The chase went through Hett Village and Sunderland Bridge, near Durham, onto the A167 dual carriageway, and ended when Johal’s car was “boxed in” by two police vehicles in North Road, Tudhoe, near Spennymoor.
Paul Lee, prosecuting, said Johal was still revving the vehicle, as if intending to drive off, if a gap emerged.
As officers approached the damaged driver’s door, Johal shouted that he was taking a man to hospital on an emergency.
But his passenger was laughing and told police he had only been for a drink with Johal, who runs a pizza shop.
Mr Lee said Johal was taken to a police station but refused to co-operate with officers and would not provide a breath specimen.
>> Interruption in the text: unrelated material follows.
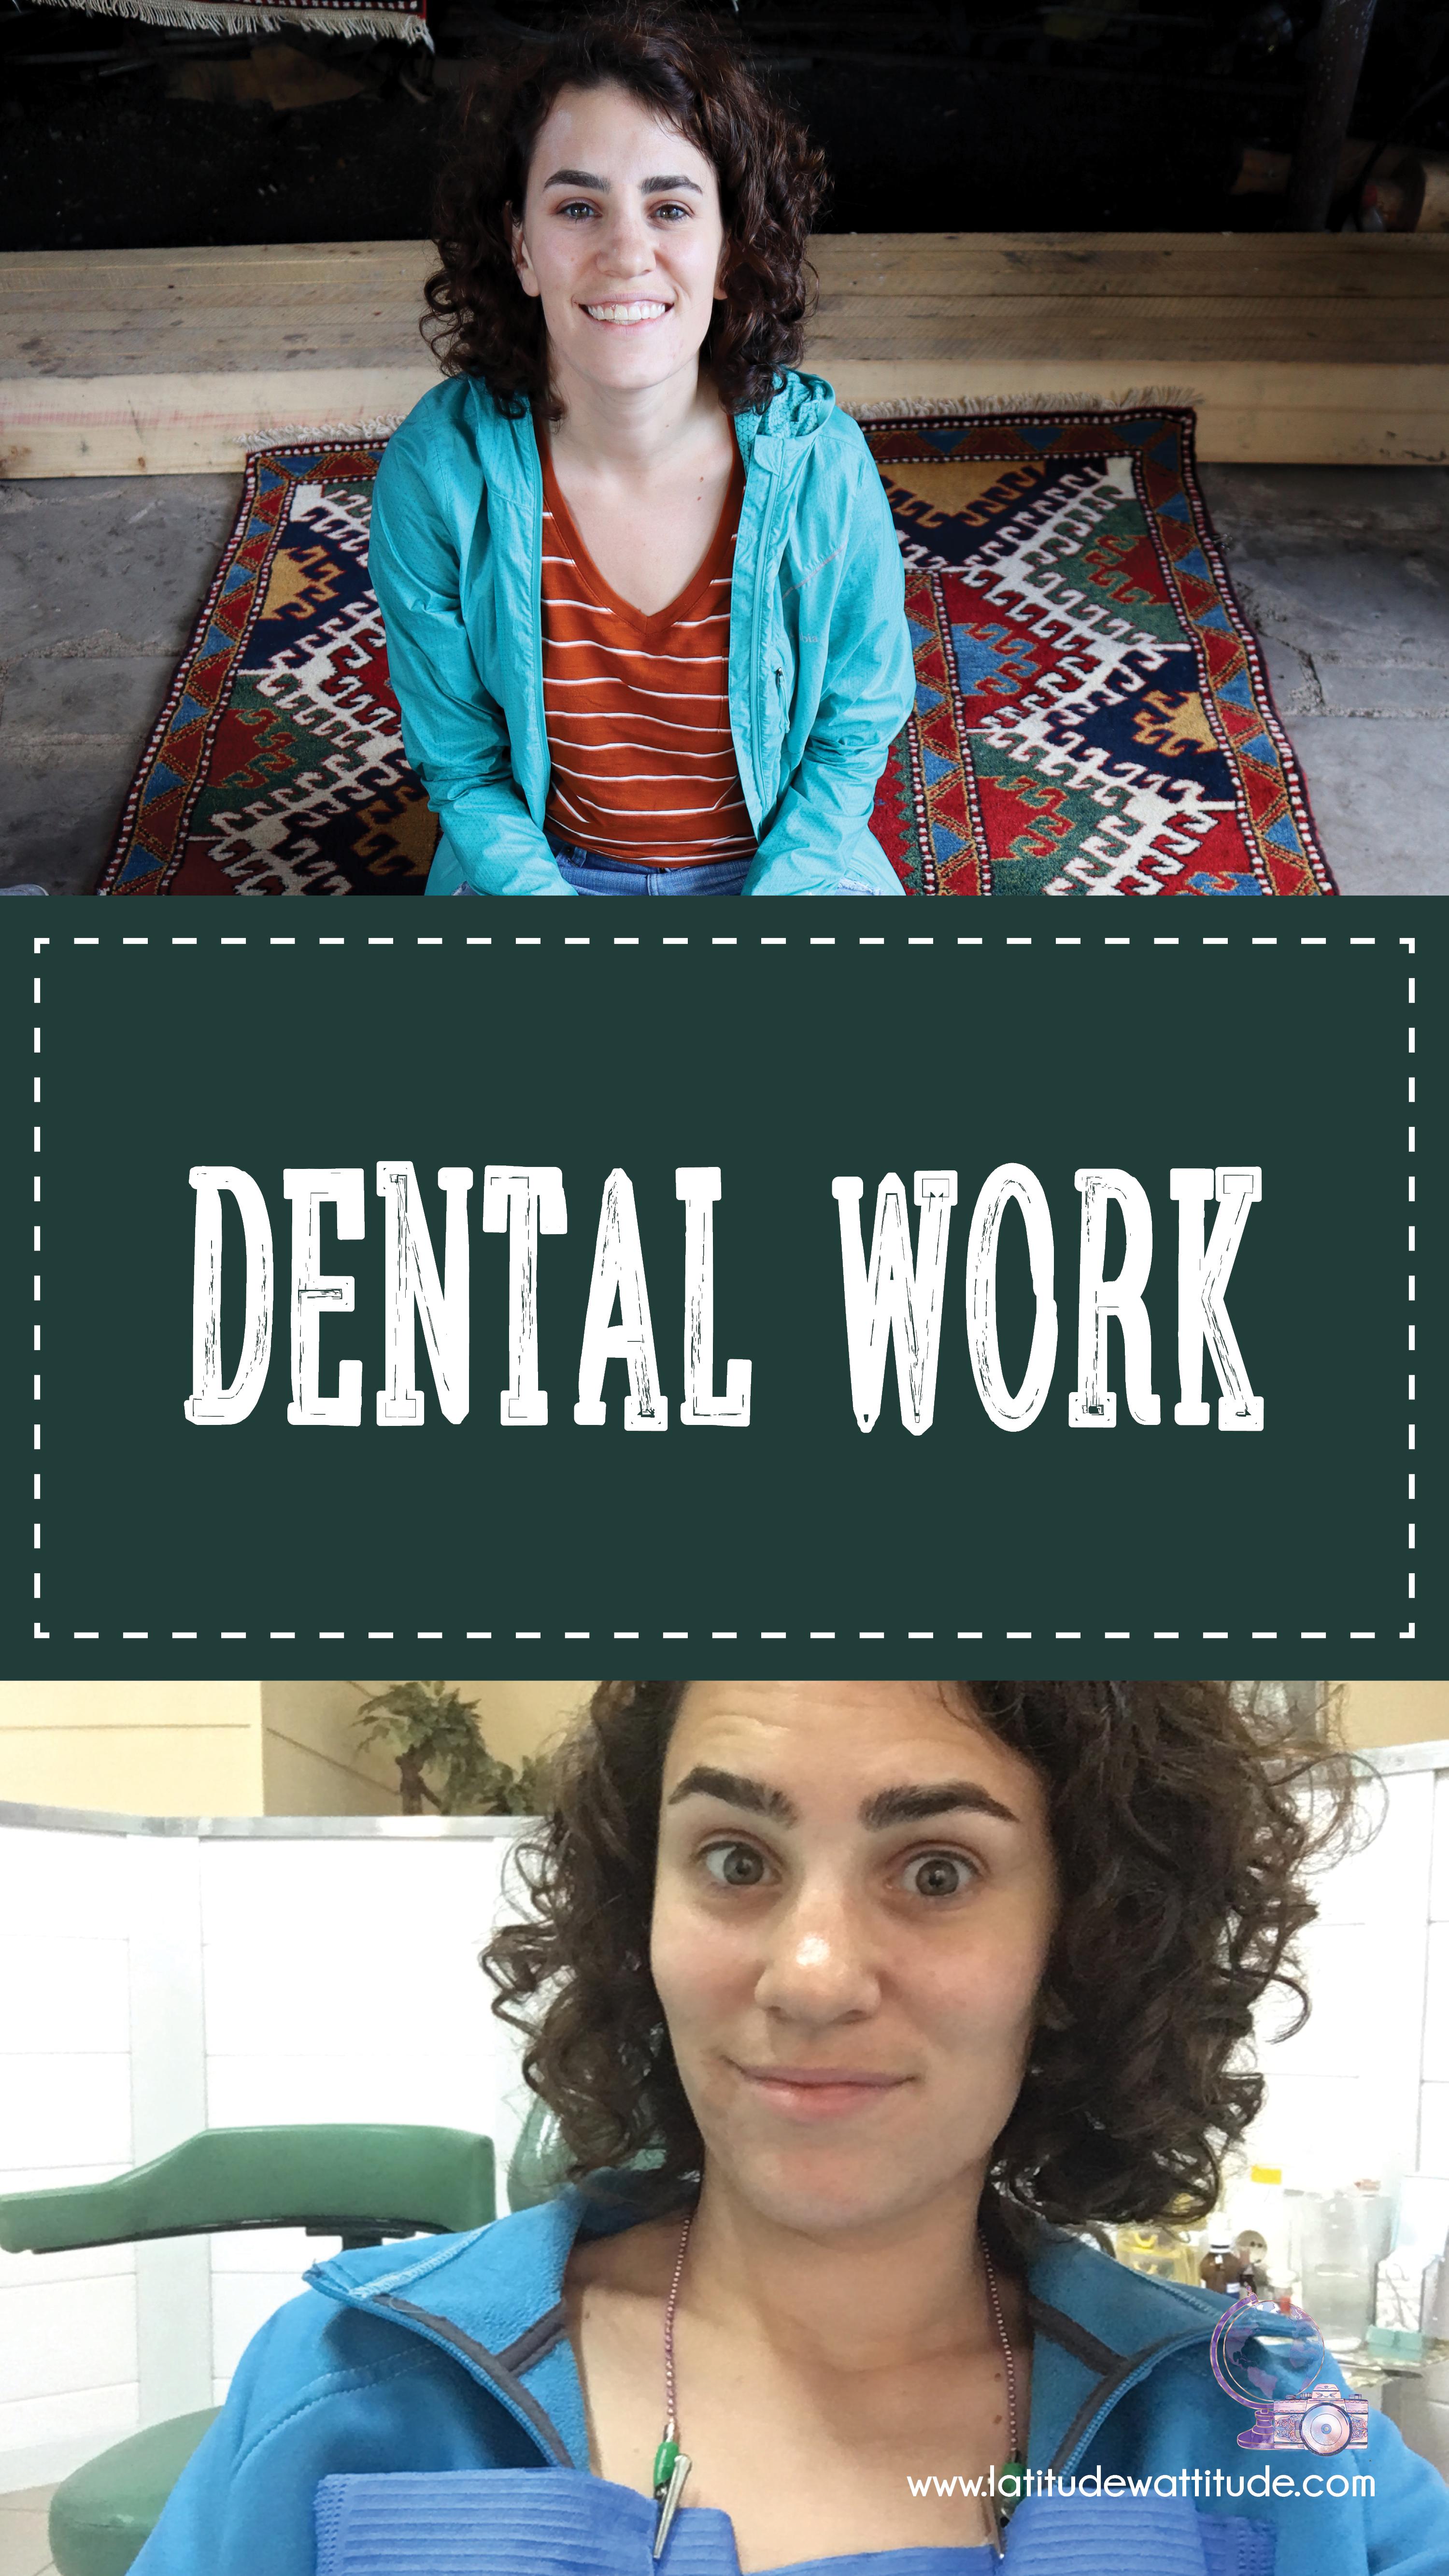 DentalWork.png

The court heard he has two previous drink driving convictions and had used a forged licence during one subsequent ban.
Thirty-year-old Johal, of High Street, West Cornforth, County Durham, admitted dangerous driving, failing to provide a breath specimen and failing to stop for police, plus no insurance.
Chris Morrison, mitigating, said: “As an officer approached the car he quite clearly had a fit of panic and, very unwisely, chose to drive off.
“First and foremost he would like to apologise for his stupidity.
“Most of this driving, however, was on quiet country roads in the early hours when there were few other road users about.”
Mr Morrison said Johal took over a former fish and chip shop in West Cornforth and has made a success of the pizza business, employing four people and providing for his extended family.
Jailing him for 16 months, Recorder Alistair MacDonald told Johal he drove in, “an outrageous fashion”, while apparently heavily intoxicated, posing a risk to any other potential road user.
He also banned Johal from driving for five years.